According to the Times, Falchuk sleeps at his house when his children (from a previous relationship) stay over; he stays at Paltrow’s place the rest of the week. Paltrow said the decision was inspired by her "intimacy teacher" and that it helps keep her relationship fresh.
This setup is hardly the norm, likely because few couples have the financial resources to maintain two separate households, or the mental energy to figure out who’s coming over to watch the kids. But it’s gaining traction, especially among older, divorced, or widowed adults. (For reference, Paltrow is 46 and Falchuk is 48. Both have been divorced.)
Social scientists call it "living apart together," or LAT.
Experts say LAT couples may find that a little bit of distance can stave off relationship monotony; since you don’t see each other all day, every day, you have to be really intentional about maximizing your time together.

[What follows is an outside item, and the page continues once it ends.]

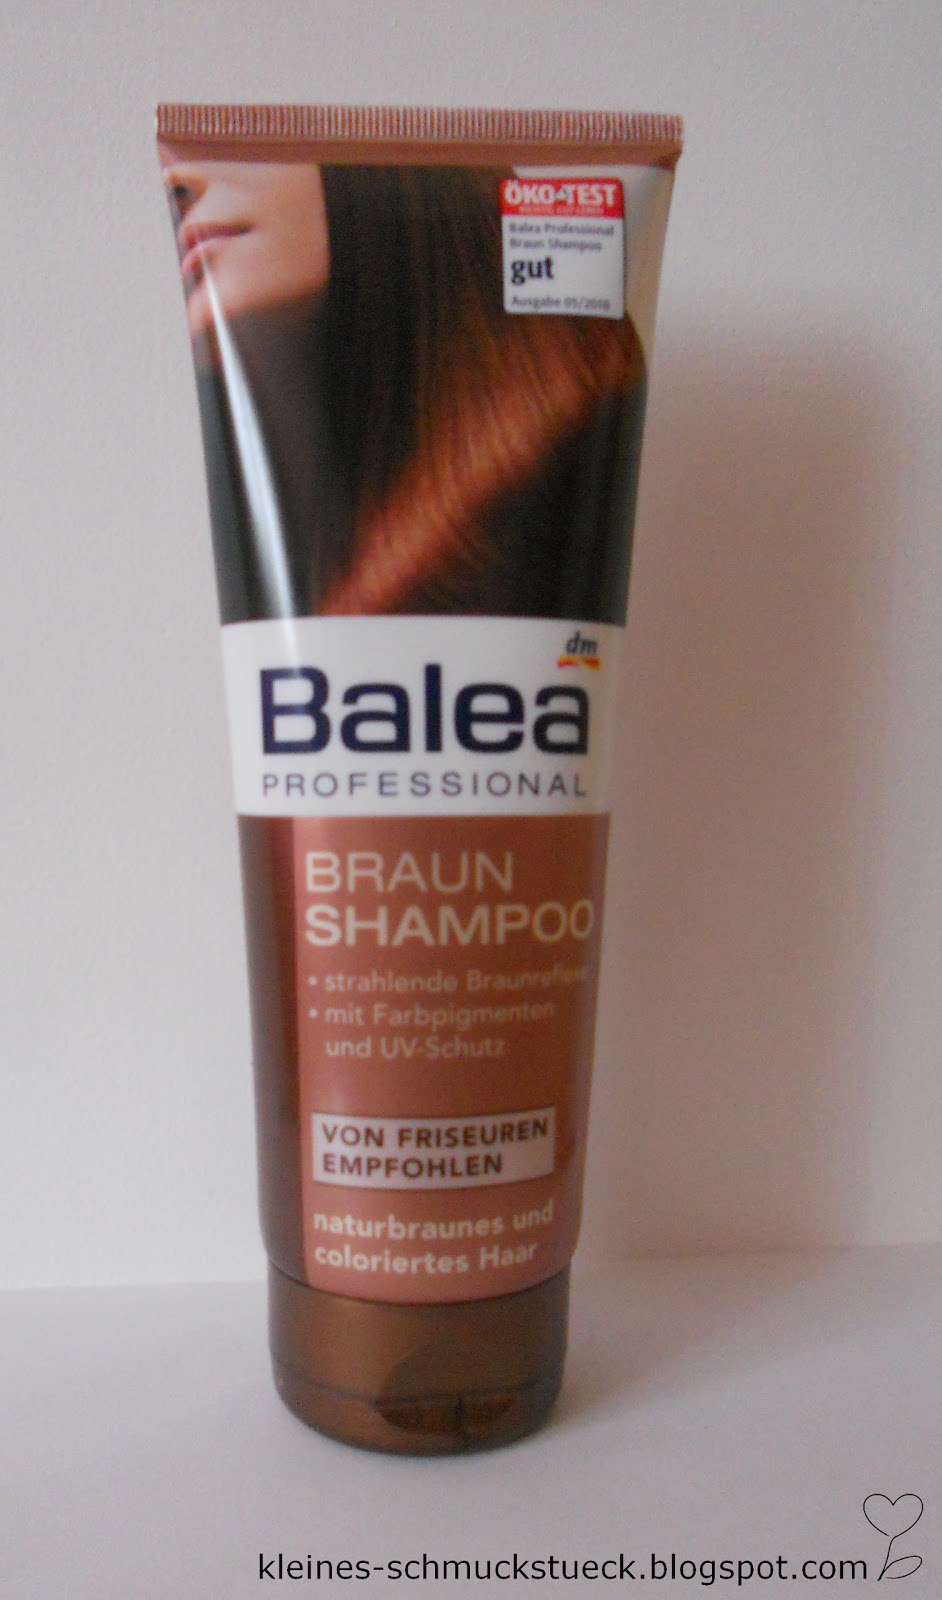 Balea braun shampoo haare dunkler
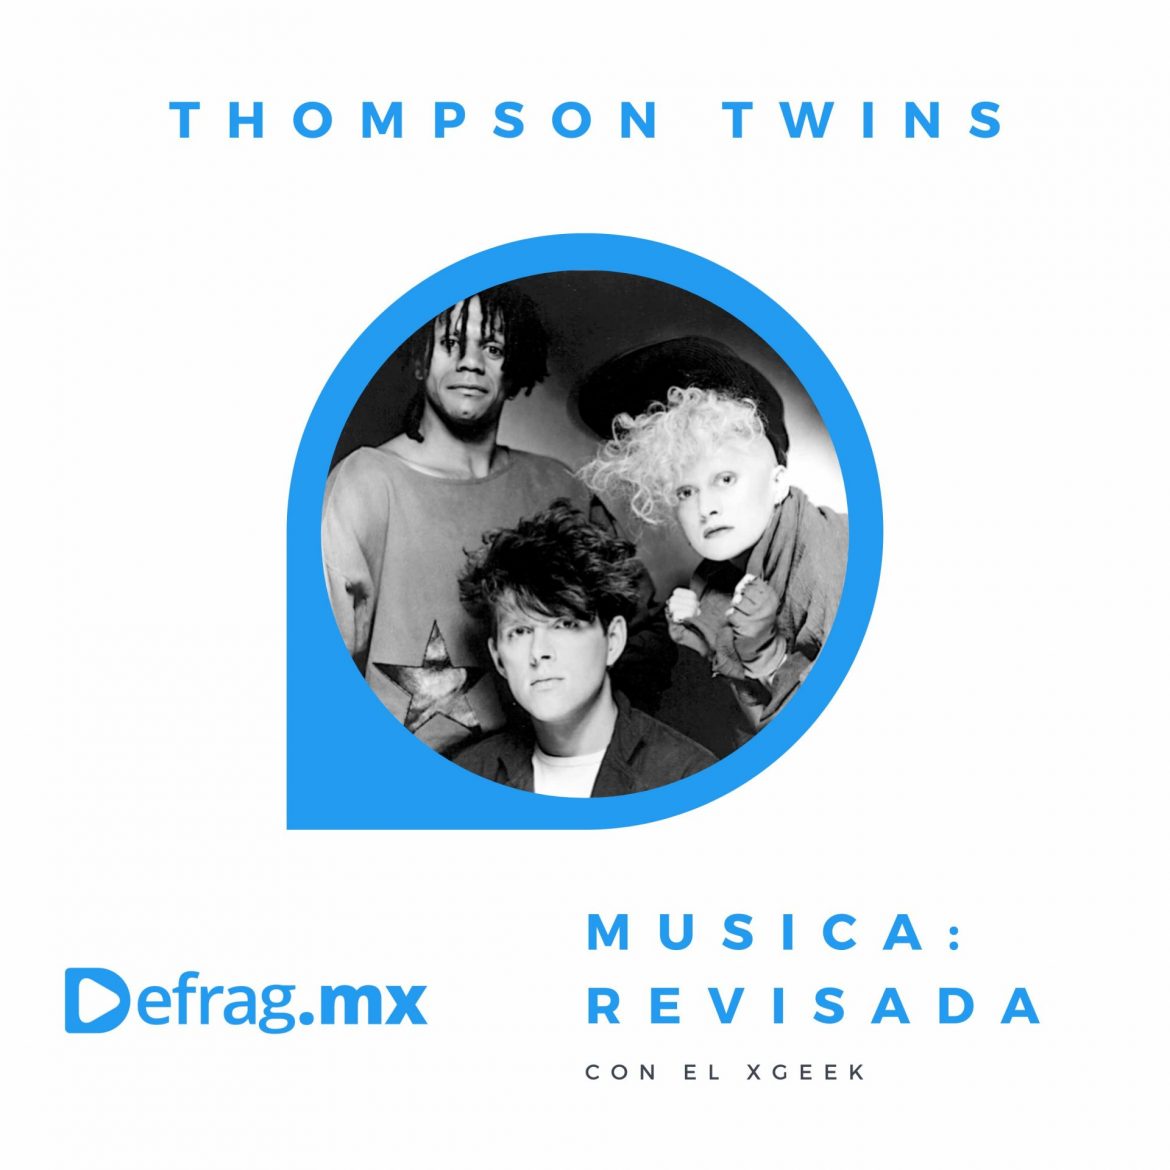 Defrag.mx Podcast Música Revisada Thompspn Twins Sugar Daddy

In some cases, living apart together can prevent the inertia that makes it harder to part ways when things aren’t working out, but all your clothes are commingled in the closet.
To be sure, living apart together is more common — and more socially acceptable — in certain circles.
In 2013, New York University sociologist Eric Klinenberg told The New York Times, "The arrangement is especially attractive in New York, which has such a thriving public culture and little stigma about how people live their lives." One might imagine the same lack of stigma in Los Angeles, where Paltrow and Falchuk live.
Demographic factors play a role, too: A paper published in the journal Demographic Research suggests living apart together is more common among gay men and highly educated couples. It’s also gaining popularity among older Americans. A 2011 survey of roughly 7,700 Wisconsin adults ages 50 and over found 8% were "partnered but unmarried," and 39% of those individuals were living apart together.
Interestingly, research suggests that living apart together isn’t always a permanent arrangement. Another paper in Demographic Research looked at this trend in Europe and found that "in all countries the majority of respondents intended to live together within three years."
Paltrow didn’t specify how long she planned to live apart from Falchuk. She told the Times, "All my married friends say that the way we live sounds ideal and we shouldn’t change a thing."